Erste Kurse zur Ausbildung von Erzieherinnen, Krankenpflegerinnen und Gesundheitsarbeiterinnen wurden durchgeführt, ebenso finden Alfabetisierungskurse für Frauen und für Kinder im Schulalter statt, die kriegsbedingt bislang die Schule nicht regulär besuchen konnten. Die Kinder im Waisenhaus werden umfangreich betreut, seit einiger Zeit arbeitet auch eine Psychologin im Team. Die Kinder können über ihre schwierigen Erlebnisse sprechen und sie lernen ihre Gefühle und ihre Situation besser kennen und verstehen. Dadurch konnten sie sich deutlich stabilisieren. Es gibt vielfältige Aktivitäten mit den Kindern, so haben sie die Kulturtage in der Stadt besucht und nehmen an Kunst- und Musikkursen teil. Für die (mittlerweile) älteren Jungen soll es einen eigenen Bereich im Haus geben.

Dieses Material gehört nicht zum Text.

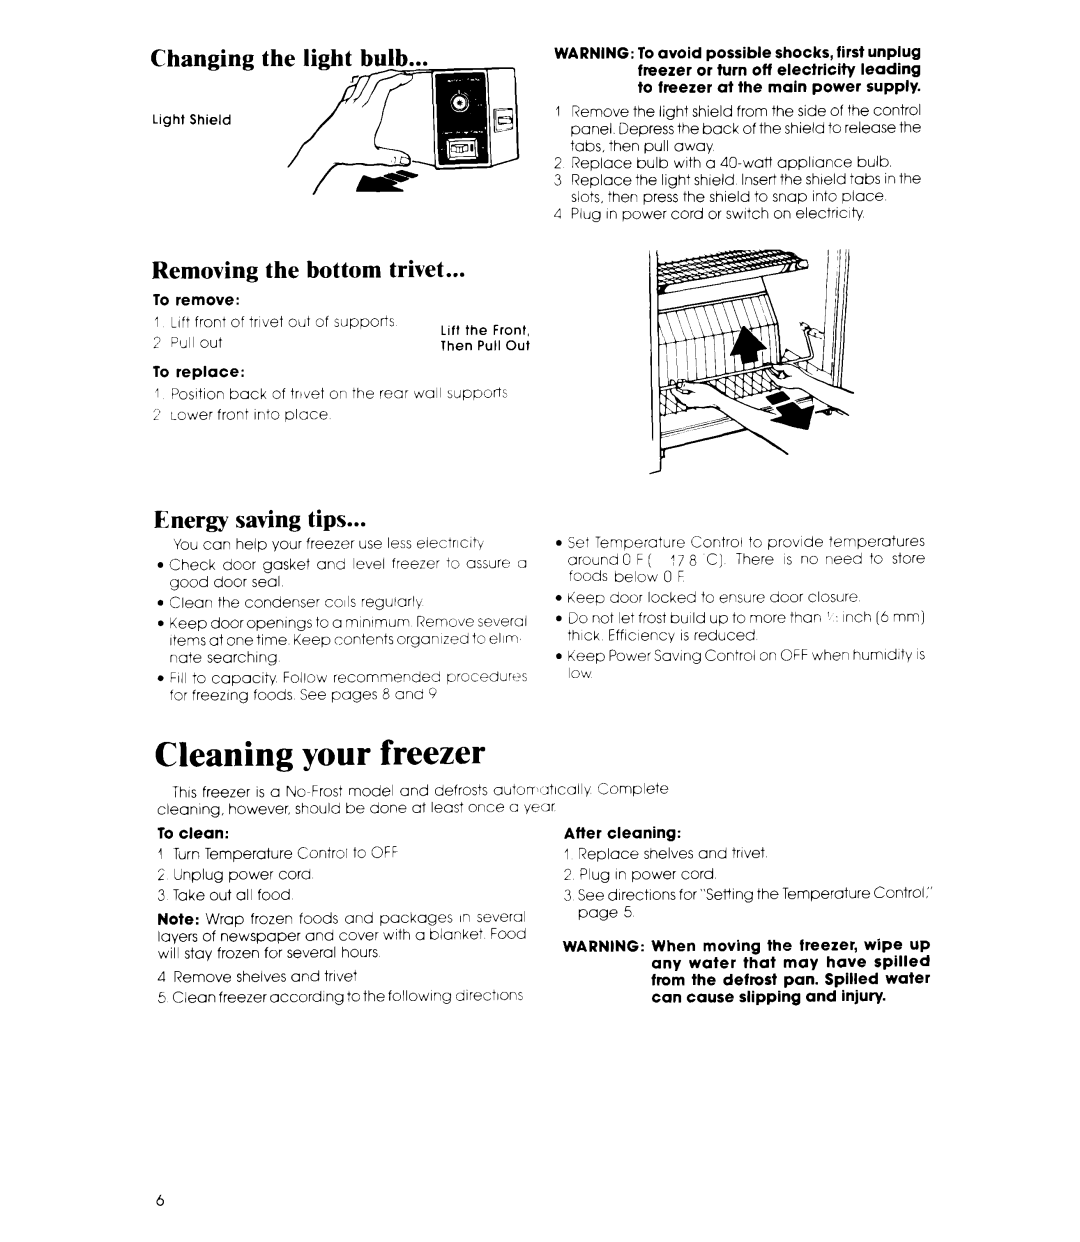 Whirlpool EV130N manual Cleaning your freezer, Changing the light bulb, Removing the bottom trivet, Energy saving tips

Im Sommer erreichte uns die dringende Bitte der Frauenstiftung, sie bei der Rückzahlung eines Kredits der Stadtverwaltung Kobane zu unterstützen. Ein Spendenaufruf erbrachte in kurzer Zeit die Summe von 10.000,00 €. Auch an dieser Stelle nochmal ein besonderes Dankeschön für Ihre schnelle Hilfe!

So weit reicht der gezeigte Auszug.